Crazy Times with zxfer

I’ve started using zxfer that @AllanJude referred me to recently. It does a nice job. My main difficulty was how to get it to work efficiently over the 10Mbps that’s my effective DSL speed.

First, I made a copy of zxfer (zmxfer) that incorporates mbuffer. This is a crude hack, but helps me ensure that I’m getting around the mysterious hanging transmits I have previously seen sending zfs to zfs. Mbuffer seems to smooth this out well.

$LZFS send -i "$copyprev" "$copysrc" \| \
/usr/local/bin/mbuffer -q -s 128k -m 128M \
| /usr/local/bin/mbuffer -q -s 128k -m 128M \
| $RZFS receive $option_F "$copydest" \
|| { echo "Error when zfs send/receiving."; beep; exit 1; }

My off-site transfer script ssh’s to the primary backup server, queries a list of zfs filesystems to replicate and copies that back:

rm -f /tmp/zxfer_cmds*
if [ `ls /tmp/xfer-* 2>/dev/null | wc -l` -gt 0 ] ; then
   echo "Previous transfer in progress, bye."
   exit 1
ssh -i $SK juno ./ || \
   ( echo "Crap, didn't generate file-system list, bye."; exit 1 )
scp -i $SK juno:/tmp/vol_list /tmp || \
   ( echo "Crap, didn't copy file-system list, bye."; exit 1 )

We need to turn that list of filesystems into actual transfer commands. I create a file that full of the commands to execute later:

while read FS ; do
   [ -z "$FS" ] && continue;
   PFS=`dirname $FS`
   if [ "$PFS" == "." ] ; then 
   echo "[ ! -f /tmp/stop-xfer ] && sudo zmxfer -dFPsv \
 -O \"-i .ssh/backup_dsa ctbu@juno sudo \" \
 -N tank/$FS $PFS"
done < /tmp/vol_list > $CMDLIST

You might think, “what a lot of sudo!” It’s good practice. I have dedicated a backup user to do this instead of root. I’ve configured the necessary sudoers file entries to make this work.

TIP: disable requiretty in sudoers [S.O.]

We want to increase the parallelism of these zfs transfers as much as possible. The time it takes to transfer zero-length snapshots in serial is prohibitive.

L=`wc -l < $CMDLIST`
Q=$[ $[ $L + 8 ] / 8 ]
split -l $Q $CMDLIST $XFPRE

Now we run these in screen, partly because ssh and sudo and mbuffer all tend to get a bit grouchy if they can’t agree on if the really need a tty or not…and mostly because I want to keep tabs on where any transfer hangups are.
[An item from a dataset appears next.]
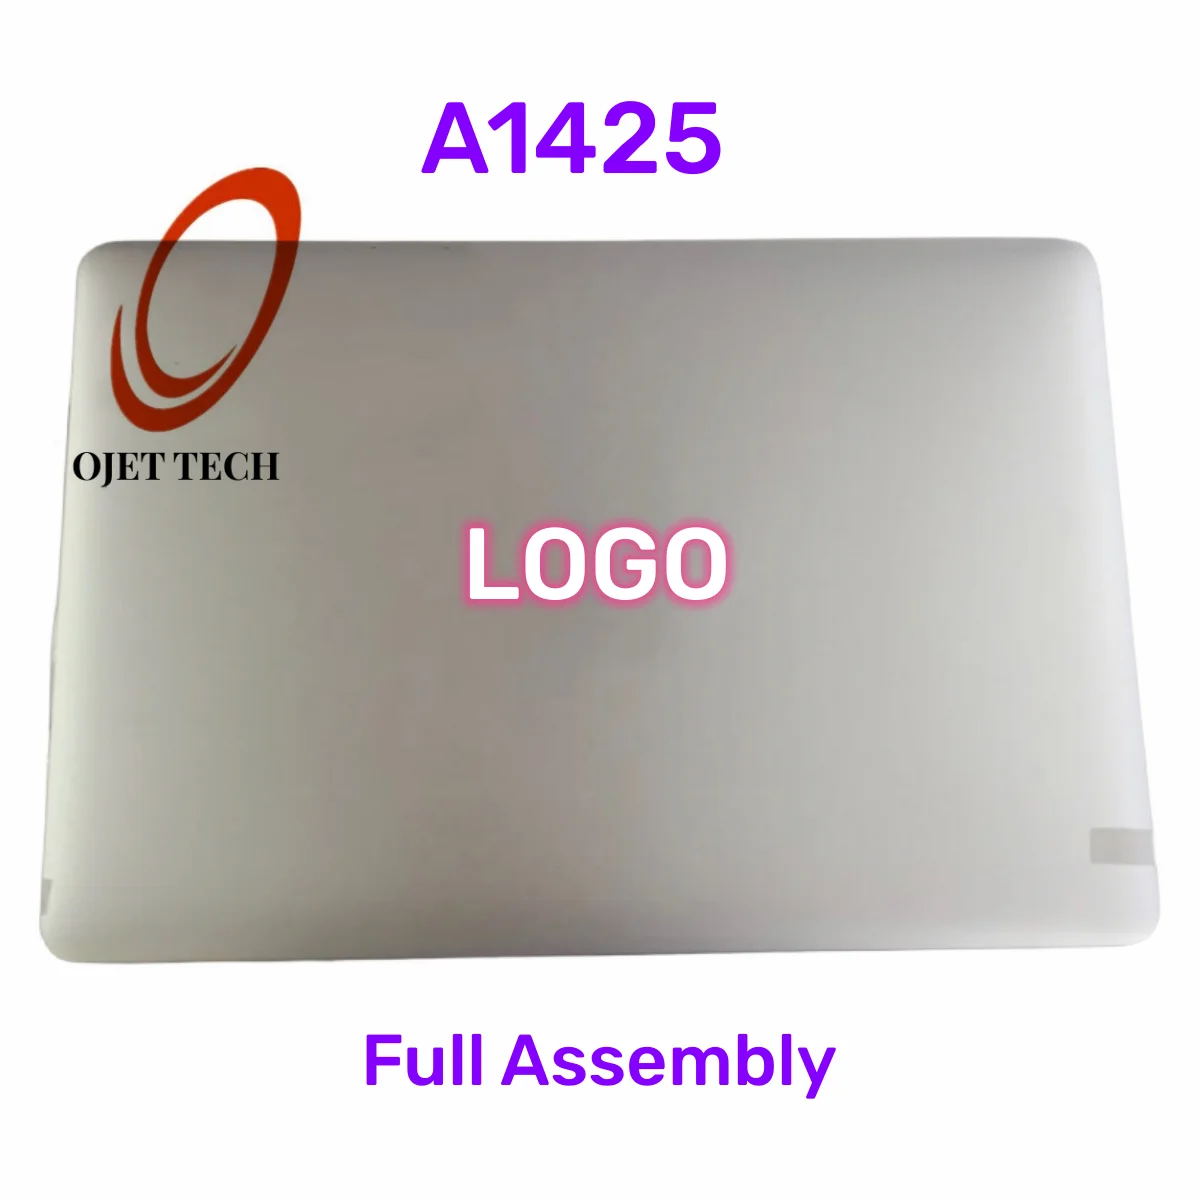 MacBook Pro Retina A1425 ЖК-дисплей с экраном и Полная сборка 661-7014 Для MD212 MD213 ME662 Конца 2012-начала 2013 EMC 2557 2672

This keeps script output collated. First we test for and fire up a detached screen as necessary:

screen -ls xfer | fgrep -q '.xfer' || screen -dmS xfer
sleep 1

And then we fill the screen with some commands. (We need to have a .screenrc that defines eight screens.)

for x in $XFPRE* ; do
   echo "rm /tmp/xfer-$i" >> $x
   cmd="touch /tmp/xfer-$i"
   screen -S xfer -p$i -X stuff $"$cmd\n"
   screen -S xfer -p$i -X stuff $"time bash -x $x\n"
   i=$[ $i + 1 ]

Once this script of mine is run, you can connect to the screen using:

screen -S xfer -x

And watch the scripts do their stuff. (That stuff command is actually a true screen directive: stuff $crap into terminal $p.)

I’ve been able to get my transfer time down from 140 minutes to about 14 minutes. Also many of the backups I started transferring I figured out how to reduce in scope by stopping hourly snapshots on file systems that don’t require them.